Documentation/bup-split.md

   1 % bup-split(1) Bup %BUP_VERSION%
   2 % Avery Pennarun <apenwarr@gmail.com>
   3 % %BUP_DATE%
   4
   5 # NAME
   6
   7 bup-split - save individual files to bup backup sets
   8
   9 # SYNOPSIS
  10
  11 bup split [-r *host*:*path*] \<-b|-t|-c|-n *name*\> [-v] [-q]
  12   [\--bench] [\--max-pack-size=*bytes*] [-#]
  13   [\--max-pack-objects=*n*] [\--fanout=*count*]
  14   [\--git-ids] [\--keep-boundaries] [filenames...]
  15
  16 # DESCRIPTION
  17
  18 `bup split` concatenates the contents of the given files
  19 (or if no filenames are given, reads from stdin), splits
  20 the content into chunks of around 8k using a rolling
  21 checksum algorithm, and saves the chunks into a bup
  22 repository.  Chunks which have previously been stored are
  23 not stored again (ie. they are 'deduplicated').
  24
  25 Because of the way the rolling checksum works, chunks
  26 tend to be very stable across changes to a given file,
  27 including adding, deleting, and changing bytes.
  28
  29 For example, if you use `bup split` to back up an XML dump
  30 of a database, and the XML file changes slightly from one
  31 run to the next, nearly all the data will still be
  32 deduplicated and the size of each backup after the first
  33 will typically be quite small.
  34
  35 Another technique is to pipe the output of the `tar`(1) or
  36 `cpio`(1) programs to `bup split`.  When individual files
  37 in the tarball change slightly or are added or removed, bup
  38 still processes the remainder of the tarball efficiently.

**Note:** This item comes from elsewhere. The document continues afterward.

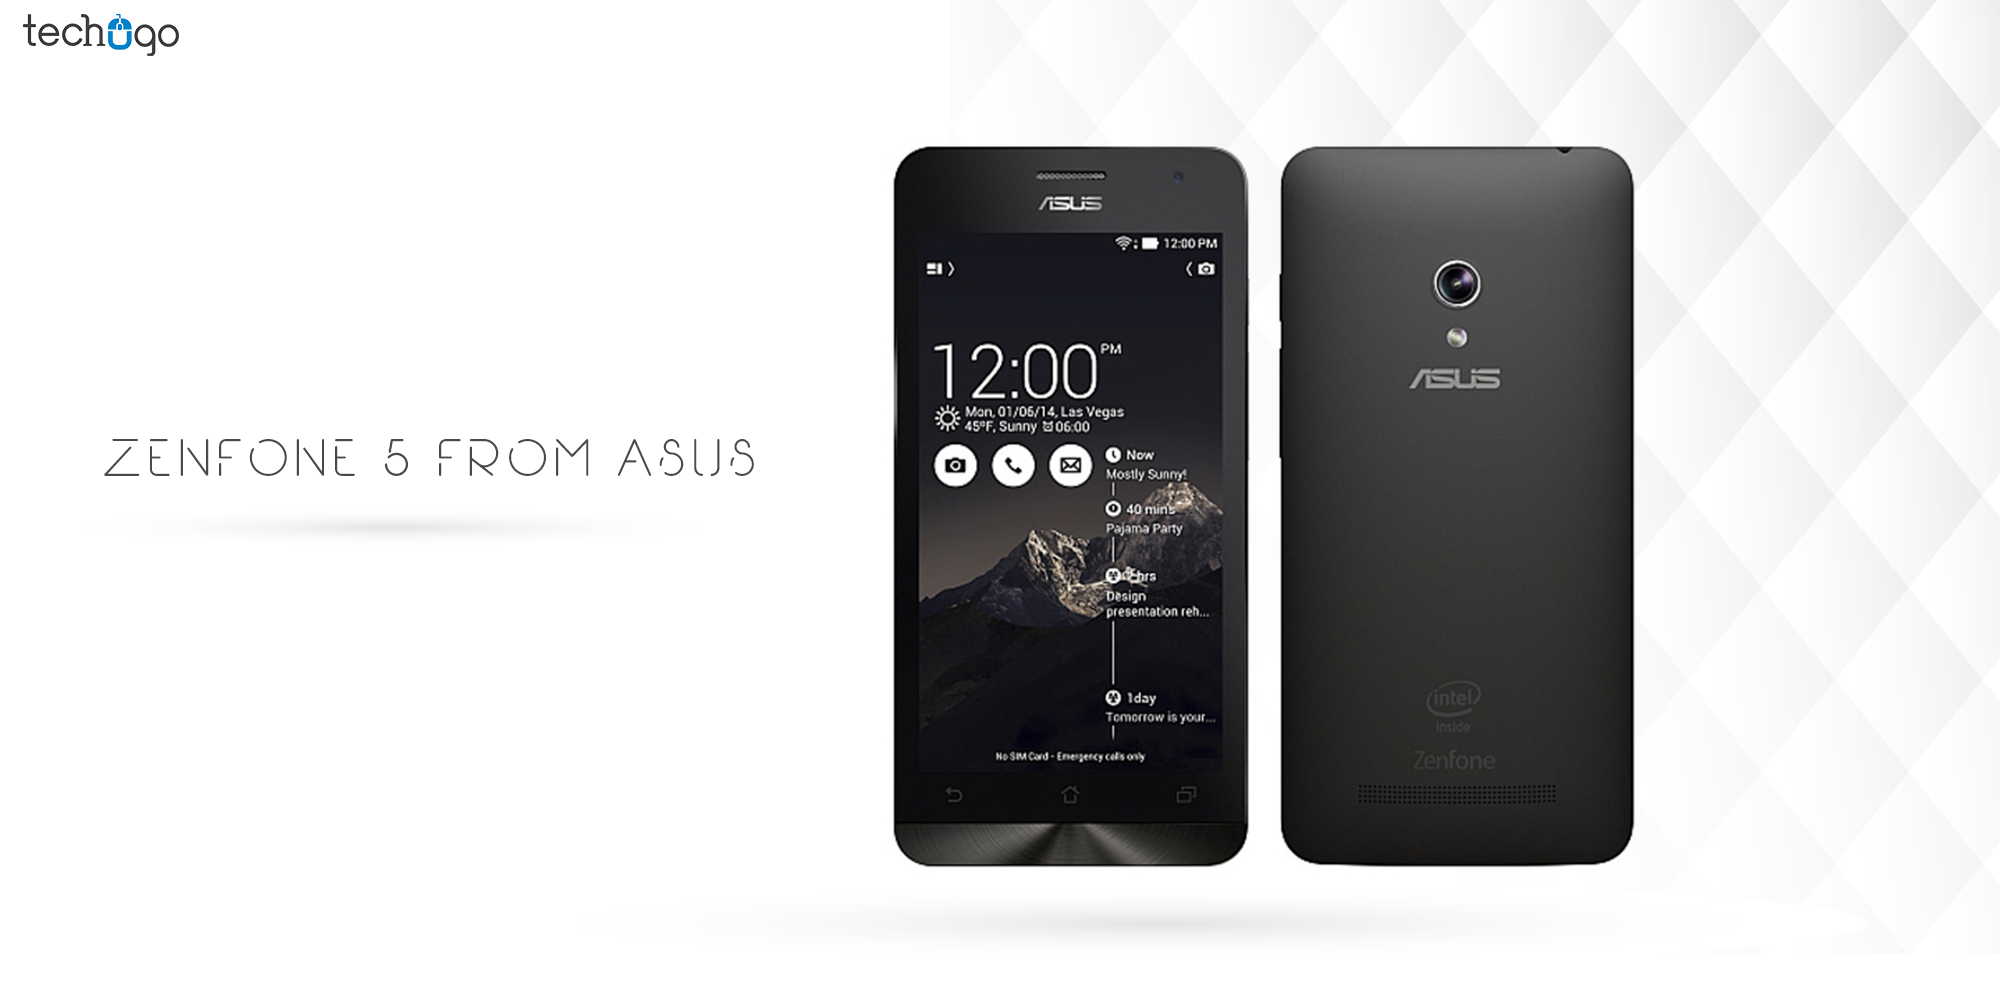 Zenfone 5 From Asus
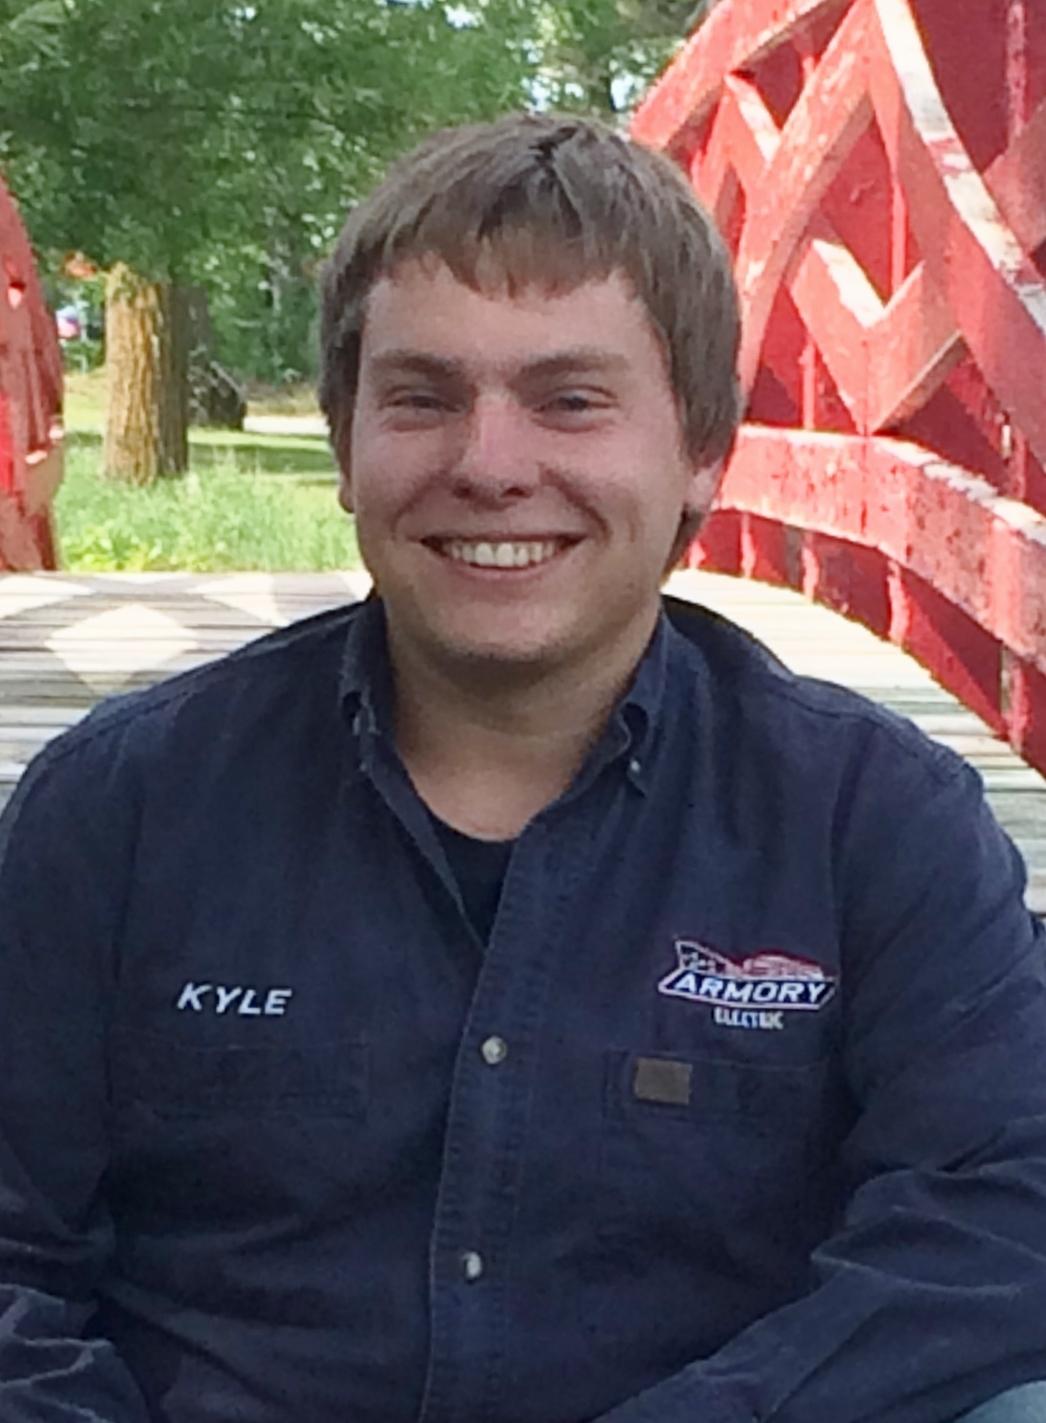 Kyle | Apprentice

  39 (Note that `bup save` is usually a more efficient way to
  40 accomplish this, however.)
  41
  42 To get the data back, use `bup-join`(1).
  43
  44 # OPTIONS
  45
  46 -r, \--remote=*host*:*path*
  47 :   save the backup set to the given remote server.  If
  48     *path* is omitted, uses the default path on the remote
  49     server (you still need to include the ':').  The connection to the
  50     remote server is made with SSH.  If you'd like to specify which port, user
  51     or private key to use for the SSH connection, we recommend you use the
  52     `~/.ssh/config` file.
  53
  54 -b, \--blobs
  55 :   output a series of git blob ids that correspond to the
  56     chunks in the dataset.
  57
  58 -t, \--tree
  59 :   output the git tree id of the resulting dataset.
  60
  61 -c, \--commit
  62 :   output the git commit id of the resulting dataset.
  63
  64 -n, \--name=*name*
  65 :   after creating the dataset, create a git branch
  66     named *name* so that it can be accessed using
  67     that name.  If *name* already exists, the new dataset
  68     will be considered a descendant of the old *name*.

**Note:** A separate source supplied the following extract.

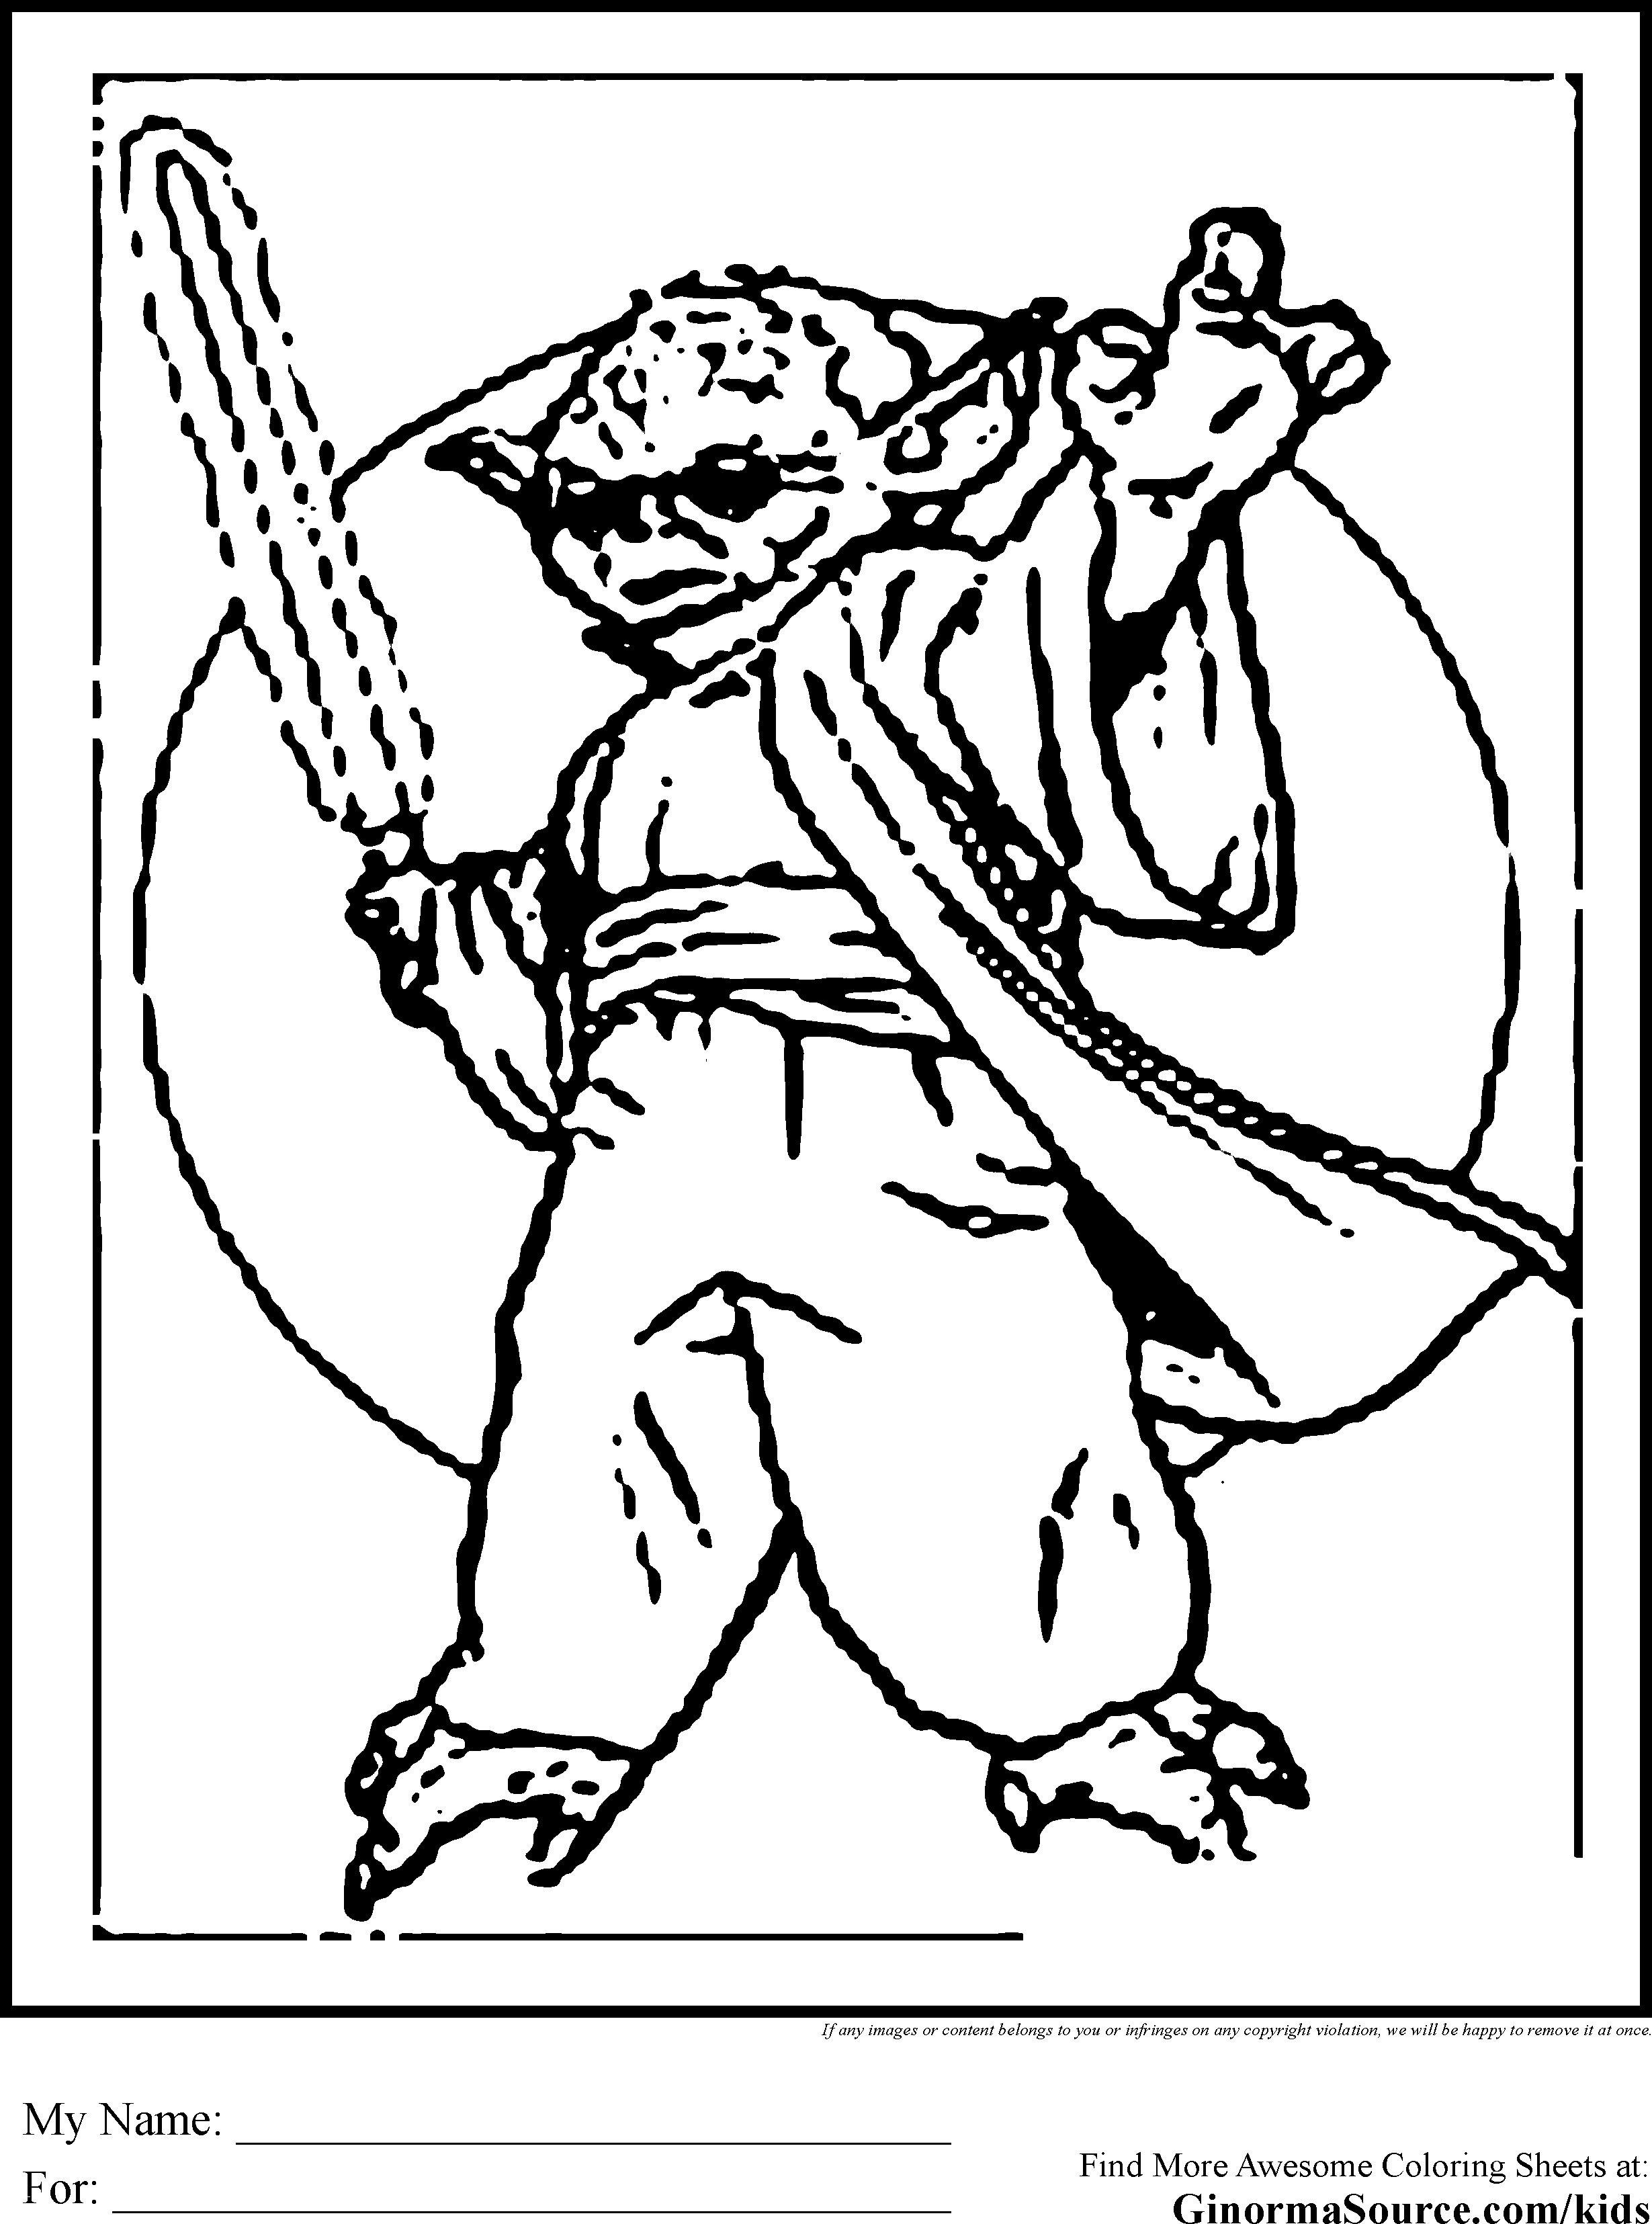 Robin Hood Ausmalbild Inspirierend Yoda Ausmalbilder Elegant Star Wars Printable Coloring Pages Fresh Fotografieren

  69     (Thus, you can continually create new datasets with
  70     the same name, and later view the history of that
  71     dataset to see how it has changed over time.)
  72
  73 -q, \--quiet
  74 :   disable progress messages.
  75
  76 -v, \--verbose
  77 :   increase verbosity (can be used more than once).
  78
  79 \--git-ids
  80 :   stdin is a list of git object ids instead of raw data.
  81     `bup split` will read the contents of each named git
  82     object (if it exists in the bup repository) and split
  83     it.  This might be useful for converting a git
  84     repository with large binary files to use bup-style
  85     hashsplitting instead.  This option is probably most
  86     useful when combined with `--keep-boundaries`.
  87
  88 \--keep-boundaries
  89 :   if multiple filenames are given on the command line,
  90     they are normally concatenated together as if the
  91     content all came from a single file.  That is, the
  92     set of blobs/trees produced is identical to what it
  93     would have been if there had been a single input file.

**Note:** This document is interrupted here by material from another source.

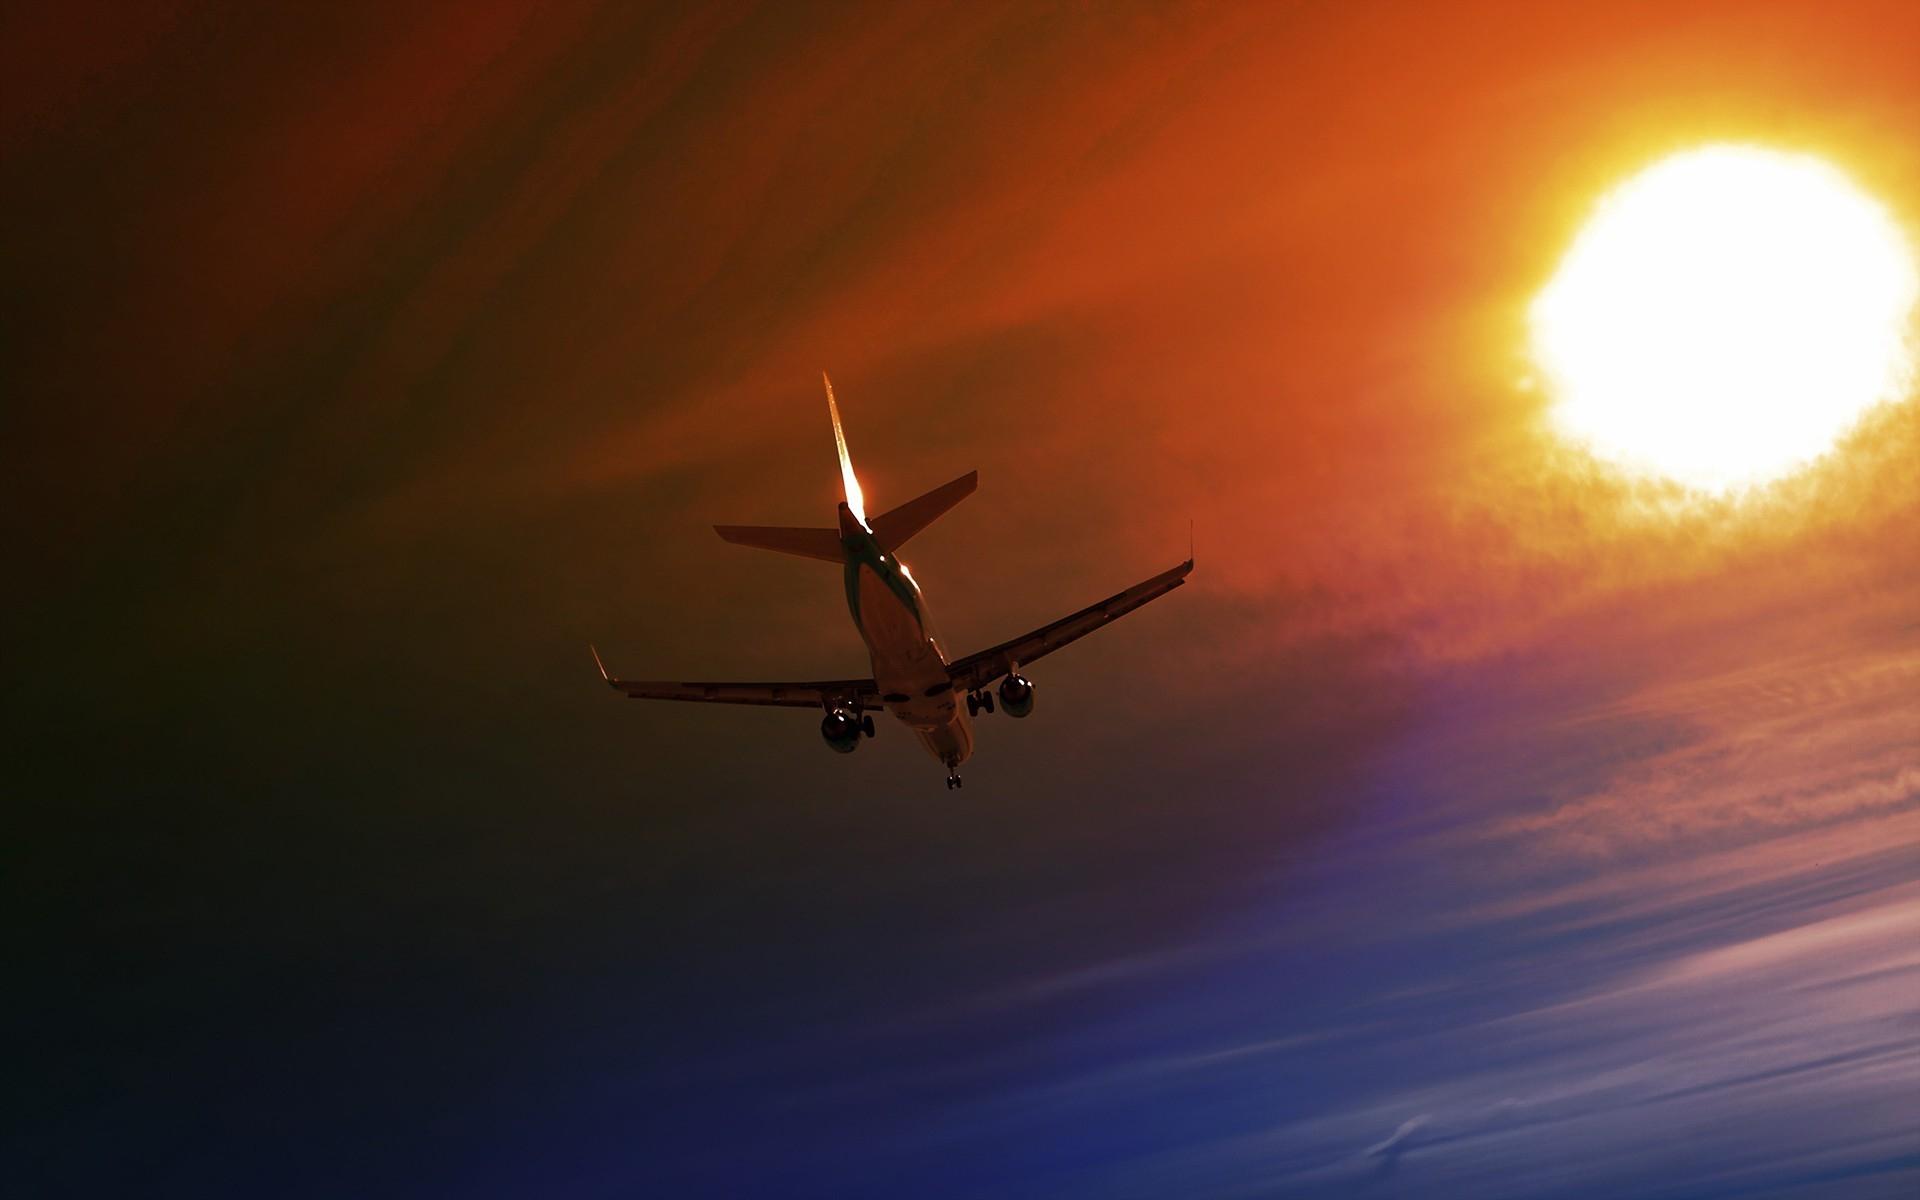 Simple Wallpaper Night Airplane - plane-sky-night-Flight-645734  Trends.jpg

  94     However, if you use `--keep-boundaries`, each file is
  95     split separately.  You still only get a single tree or
  96     commit or series of blobs, but each blob comes from
  97     only one of the files; the end of one of the input
  98     files always ends a blob.
  99
 100 \--noop
 101 :   read the data and split it into blocks based on the "bupsplit"
 102     rolling checksum algorithm, but don't do anything with
 103     the blocks.  This is mostly useful for benchmarking.
 104
 105 \--copy
 106 :   like `--noop`, but also write the data to stdout.  This
 107     can be useful for benchmarking the speed of read+bupsplit+write
 108     for large amounts of data.
 109
 110 \--bench
 111 :   print benchmark timings to stderr.
 112
 113 \--max-pack-size=*bytes*
 114 :   never create git packfiles larger than the given number
 115     of bytes.  Default is 1 billion bytes.  Usually there
 116     is no reason to change this.
 117
 118 \--max-pack-objects=*numobjs*
 119 :   never create git packfiles with more than the given
 120     number of objects.  Default is 200 thousand objects.
 121     Usually there is no reason to change this.
 122
 123 \--fanout=*numobjs*
 124 :   when splitting very large files, try and keep the number
 125     of elements in trees to an average of *numobjs*.
 126
 127 \--bwlimit=*bytes/sec*
 128 :   don't transmit more than *bytes/sec* bytes per second
 129     to the server.  This is good for making your backups
 130     not suck up all your network bandwidth.  Use a suffix
 131     like k, M, or G to specify multiples of 1024,
 132     1024*1024, 1024*1024*1024 respectively.
 133
 134 -*#*, \--compress=*#*
 135 :   set the compression level to # (a value from 0-9, where
 136     9 is the highest and 0 is no compression).  The default
 137     is 1 (fast, loose compression)
 138
 139
 140 # EXAMPLE
 141
 142     $ tar -cf - /etc | bup split -r myserver: -n mybackup-tar
 143     tar: Removing leading /' from member names
 144     Indexing objects: 100% (196/196), done.
 145
 146     $ bup join -r myserver: mybackup-tar | tar -tf - | wc -l
 147     1961
 148
 149
 150 # SEE ALSO
 151
 152 `bup-join`(1), `bup-index`(1), `bup-save`(1), `bup-on`(1), `ssh_config`(5)
 153
 154 # BUP
 155
 156 Part of the `bup`(1) suite.